It might be hard to believe, but there was a time not too long ago when Slim Jims weren’t something for teenage boys to “snap into,” but rather, something their tired old dads were meant to enjoy alongside a tall mug of beer while bellied up to the bar after work.
First introduced in the early ‘40s, Slim Jims—then sold under the Penn Rose moniker—were born to be a less greasy, easily cured pepperoni alternative for barflies looking to grab a snack. The spicy, meaty snacks languished behind bar counters in large jars of vinegar until the 1950s, when co-creators Adolph Levis and Peter Cherry decided to individually wrap the sticks. This allowed them to move out of bar rooms and into convenience stores. From there, they were embraced by road dogs and beatniks looking for something quick to eat as they explored America’s newly expanding Interstate Highway System.
General Mills bought the brand in 1967 and made a run at expanding the market by using sports newscaster Howard Cosell as a spokesperson, but it wasn’t until 1989 that then-owner GoodMark Foods realized that the brand’s real potential audience might be too young to drink or drive. After conducting the first real market research into the brand’s fan base, the company discovered that a good portion of Slim Jim sales were to teenage boys. This demographic had allowance money to burn and was into the grown-up vibes of convenience store shopping, but wasn’t yet old enough to snag a six-pack or a scratcher.
GoodMark enlisted the help of Tom Leland, an ad writer and creative consultant from North Castle Partners who discovered, through focus groups, that people liked the tangy “snap” that occurs when you bite through the Slim Jim’s casing. (That snap is a result of the lactic acid “starter” the brand uses in its 17-hour meat curing process.) Leland and his team seized on the verb, which they thought conveyed not just a motion but a bit of rude, frenetic energy, which ultimately led to the slogan snap into a Slim Jim.

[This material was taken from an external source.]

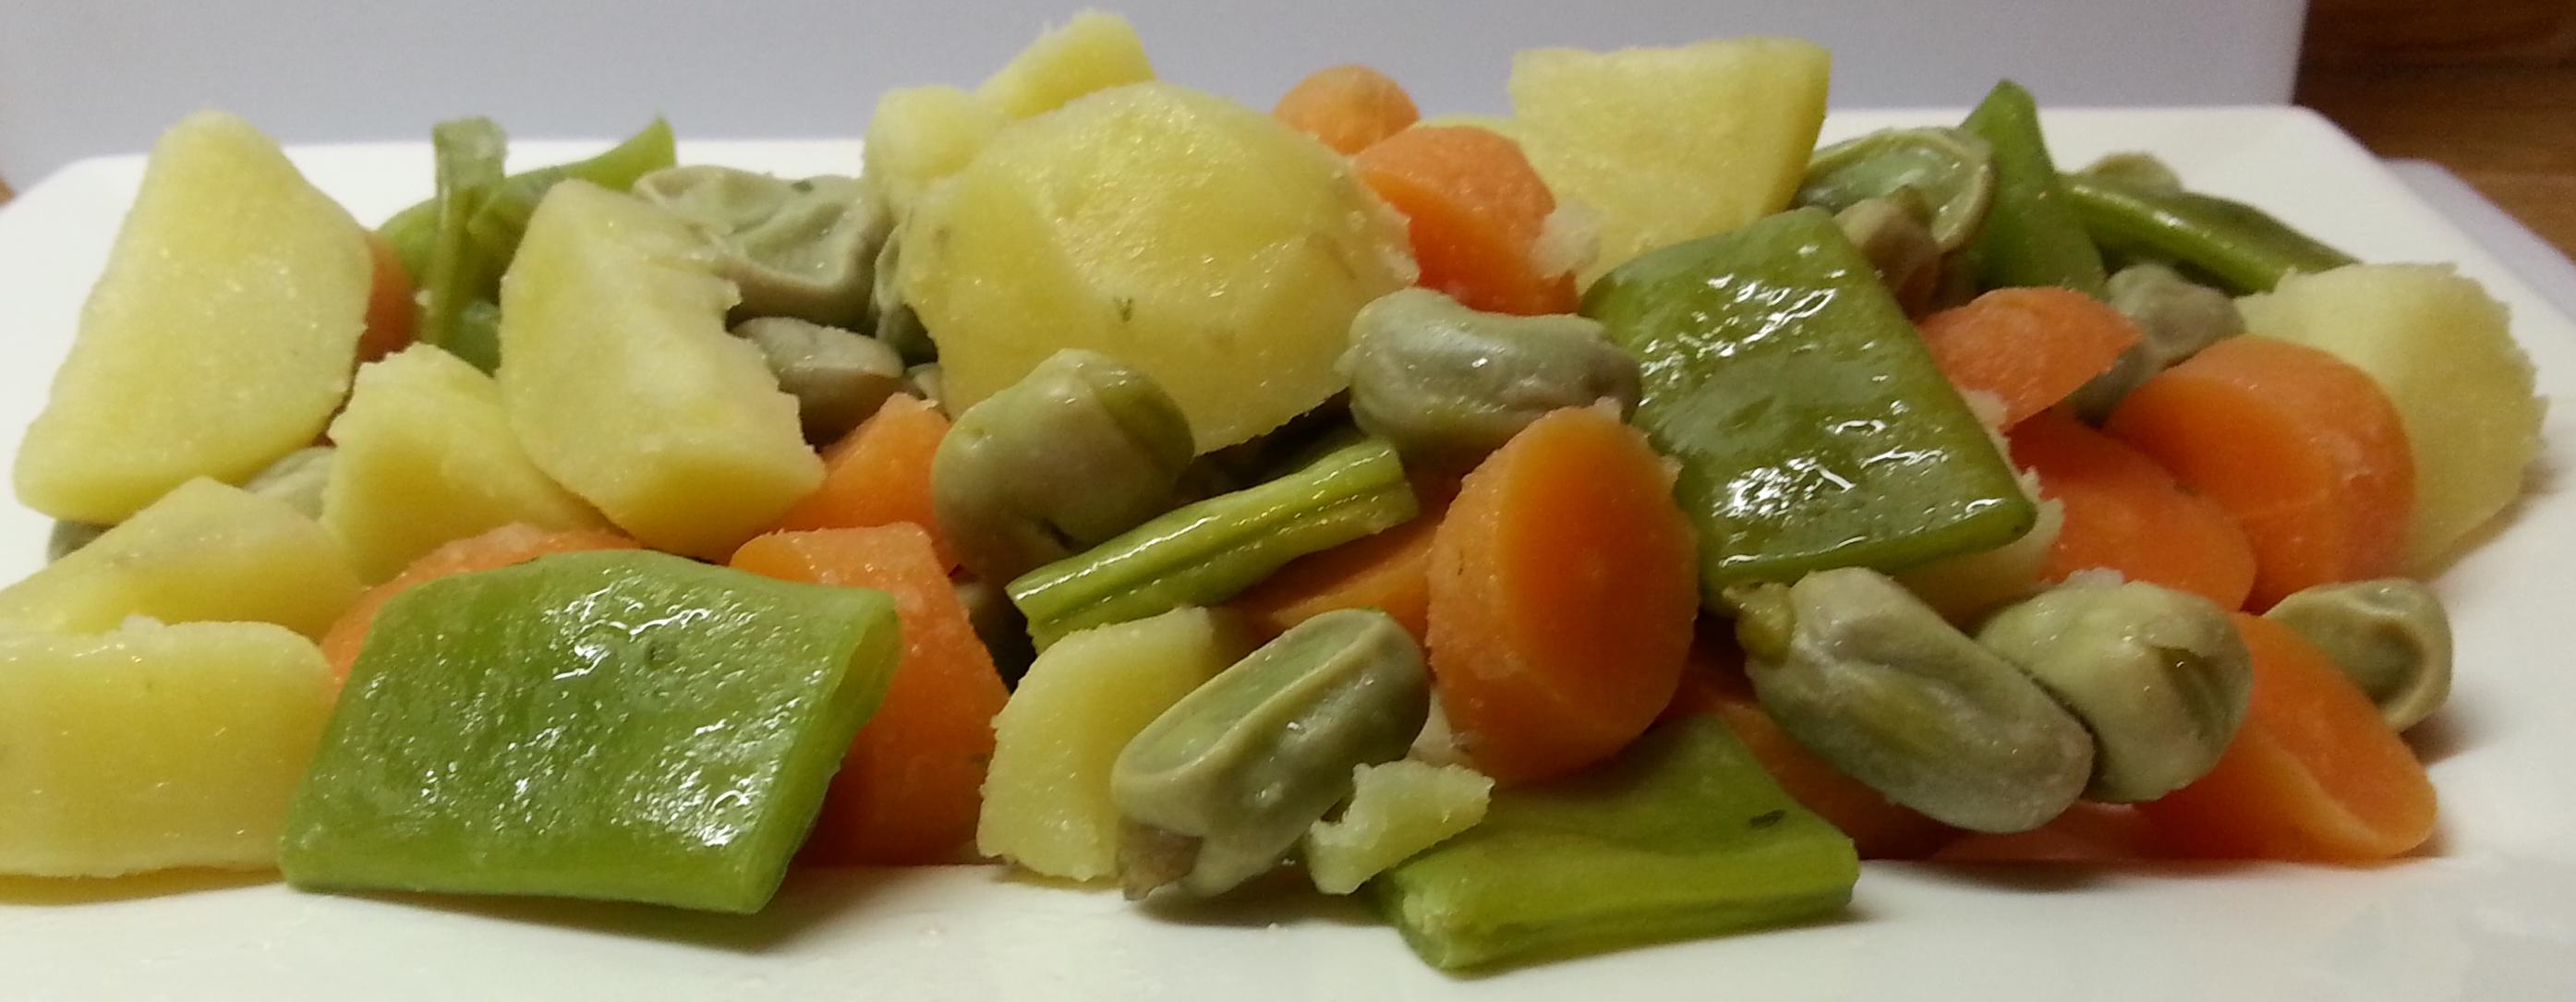 File menestra de wikimedia commons - Menestra de verduras en texturas ...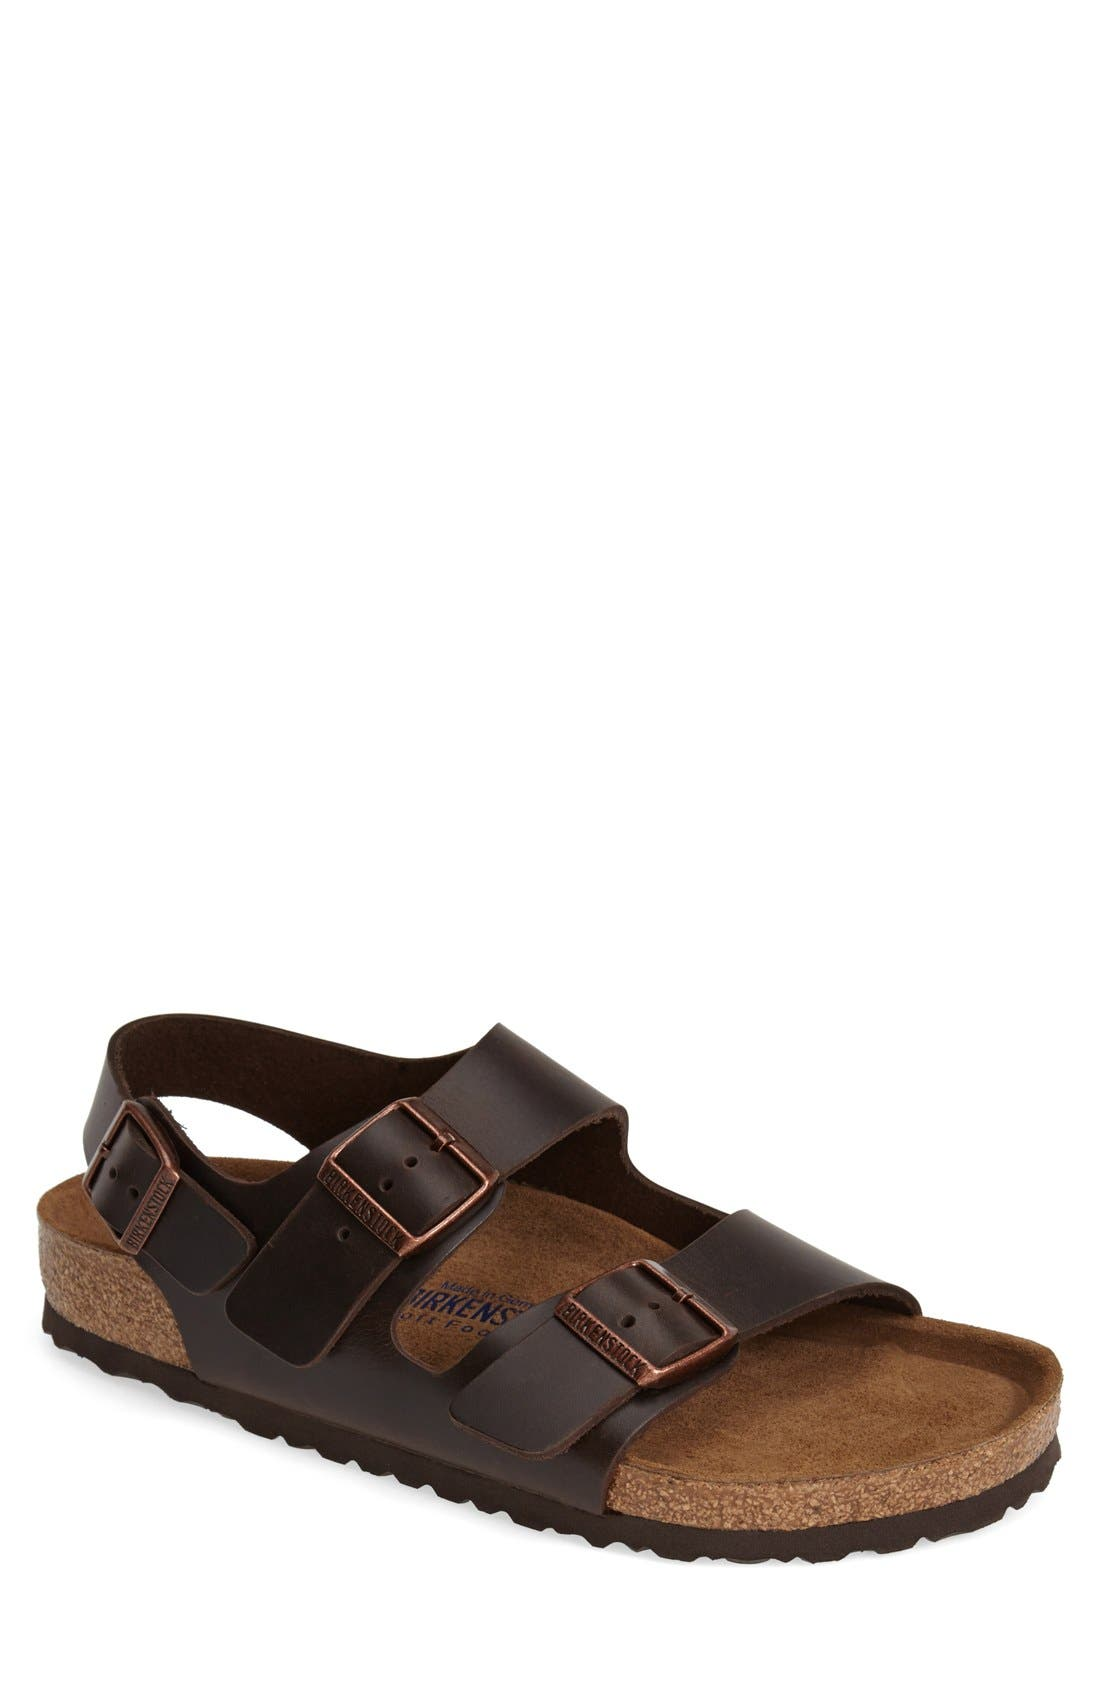 'Milano' Soft Footbed Sandal,                         Main,                         color, AMALFI BROWN

Leland and Slim Jim, hoping to capture some of the rowdy youth culture of the late ‘80s and early ‘90s, approached wild man comedian Sam Kinison to be the brand’s new spokesperson, but his team declined. They next tapped into the popularity of professional wrestling, which had captured the hearts and minds of young men everywhere with its over-the-top personalities and must-see pay-per-view events like the WWE’s Royal Rumble. The sport’s biggest star at the time, Hulk Hogan, was deemed too straight-laced to rep the brand, so the long-haired, fringe-clad Ultimate Warrior (Hogan’s in-ring rival at the time) was hired to be the brand’s first hyper-aggro, meat-splitting spokesperson instead.
Fast forward to 1993, when the Ultimate Warrior was replaced by the flamboyant “Macho Man” Randy Savage, whose barking delivery quickly made him synonymous with the brand. Savage had “screw you” attitude to spare, as well as a general disdain for authority that Slim Jim consumers really seemed to love. He’d hold onto his role as the brand’s main spokesperson until 2000, smashing through walls on TV to antagonize boring adults and add “a little excitement” to the lives of fictional young people on the regular.
As Dan Skinner, manager of brand communications at Slim Jim parent company ConAgra, told The Takeout in 2020, Savage was proof that “wrestlers, as a group, communicate energy really well.” If you happen to be dozing off in front of the TV, he said, “hearing on your TV would wake you up.”
Though Savage died from heart disease (which also resulted in a car crash) in 2011— on the same day that Slim Jim permanently closed one of its two U.S. production facilities at the time—the “oooh yeah” wrestler is still deeply enmeshed with the brand. In 2019, Slim Jim came out with a “Savage Slim Jim,” a super-sized snack bearing the late wrestler’s image.